Pre-Production: How To Create a Shot List

One of the best ways to plan out your shoot is to create a shot list. Though this may seem like a simple task, you should be careful to keep it clean and organized in order to get the most accurate preview of your scene.

Step 1: Do Not Edit

The first thing to know when making a shot list is that you do not want to be editing your movie as you are shooting it. If you are new to this process, in all likelihood you are watching your movie in its end form as you envision your scene. So, you would be seeing a close up on Jill when she speaks, close up of Jack as he says his line, then back to close up on Jill. Do not write this as 3 shots. This is 2 shots: a close up of Jill and a close up of Jack. You are not going to shoot Jill's lines one at a time.

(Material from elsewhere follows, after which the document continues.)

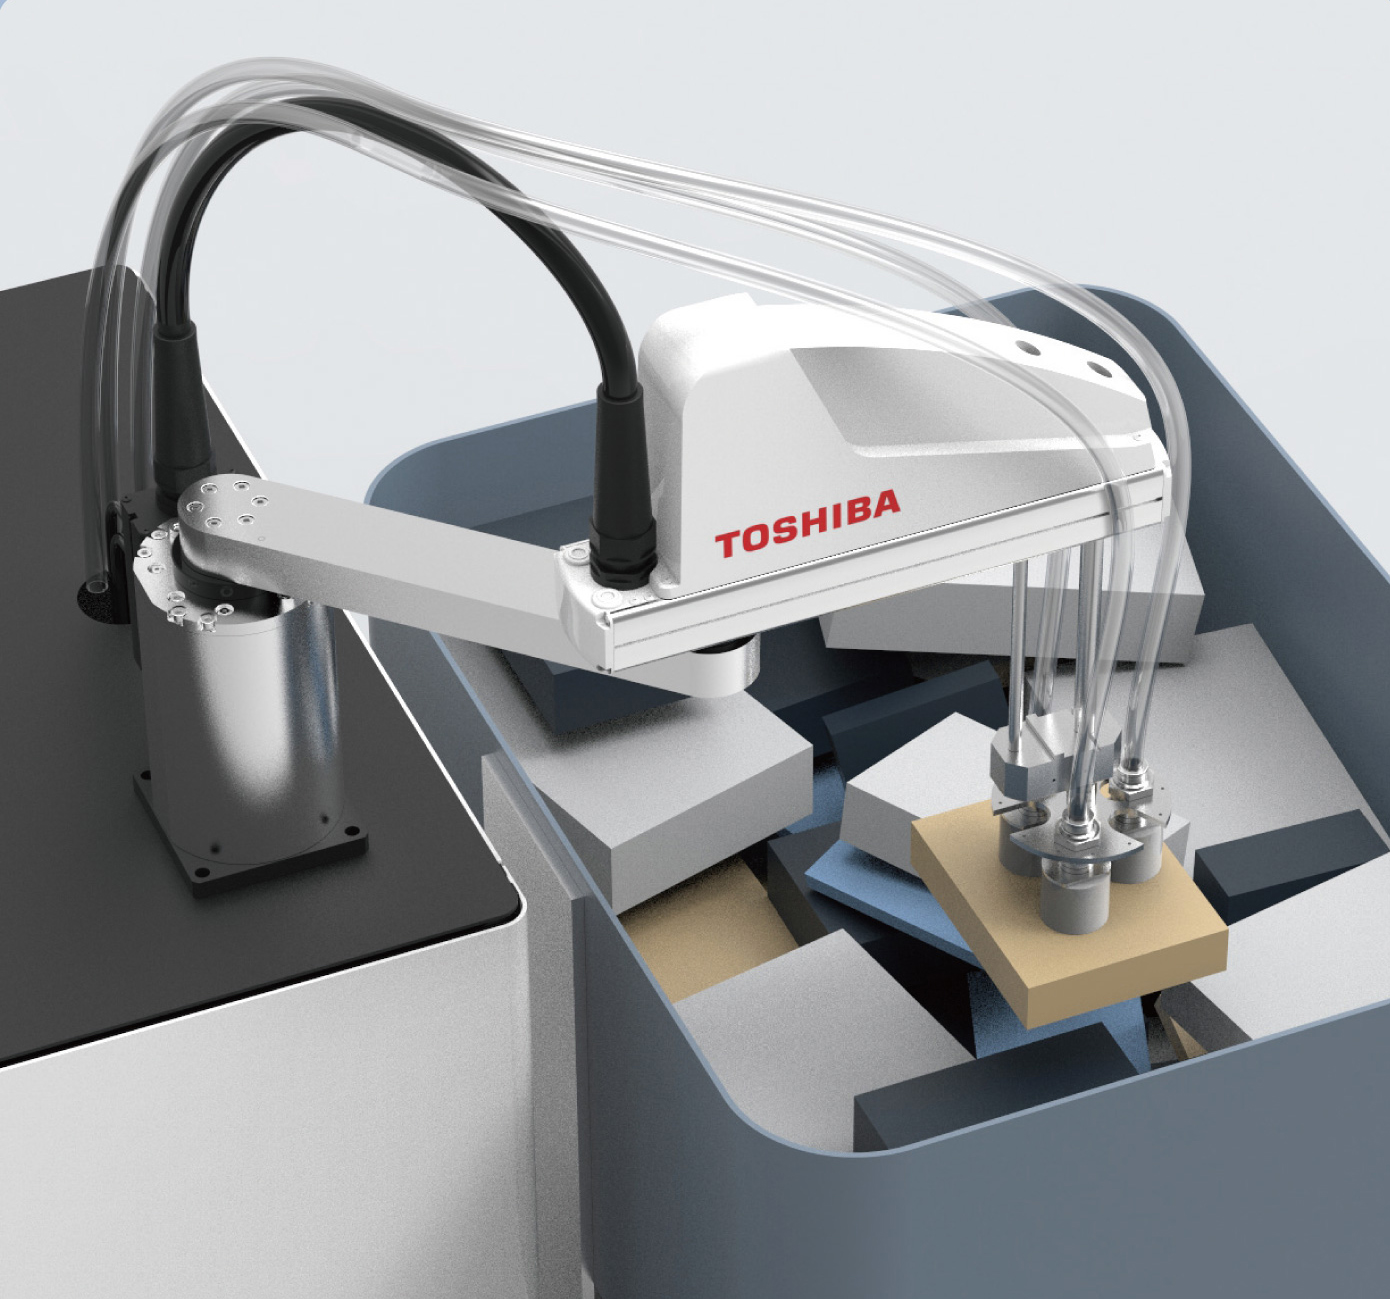 Der Kommisionierroboter von Toshiba kann u.a. flache Briefumschläge und Pakete mit schneller Geschwindigkeit greifen und positionieren. (Bild: Toshiba Europe GmbH)

If you have trouble wrapping your head around this, you can first write out your pre-edited version of things, then adjust it to a shooting version.

Step 2: Frame Sizes

There are many things that you will want to note in your shot list in order to keep it informative. One of these things is frame size. Frame size is measured by how much of a person is showing in the frame. A wide shot shows the full body of a person from head to toe. A medium wide (abbreviate as MW) is commonly referred to as a cowboy shot and goes from head to knees. A medium shot (write MED) goes down to the waist. A medium close up (MCU) goes from the chest up. A close up (CU) is just the face. An extreme close up (ECU) shows only details such as eyes or a hand. You should also specify whether these shots are singles (only one person), 2-shots, etc. Note that close up does not mean single. Keep these definitions in mind to create the most accurate shot list.

Step 3: Angles

You will also need to specify what kind of angle you have your camera shooting the subject from. Not all of your shots will be straight on or frontal. Some will be profile shots meaning from the side. You may also want to have a shot looking down on the character, which you would note as high-angle. Predictably, low-angle shots come from below. During coverage, you may want to see a piece of the character to which your subject is speaking. This is a dirty shot or an over the shoulder (OTS).

Step 4: Movement

In some cases, you will have a dolly or zoom planned. For this you should describe the frame at the beginning and the shot and then the frame at the end. If there are any key frames in between, then you can describe this as well. Make sure it is clear that this is all one shot.

Shot lists will help you schedule your movie and make sure that you get all the coverage that you want. To keep communication at its best, write your shot list precisely.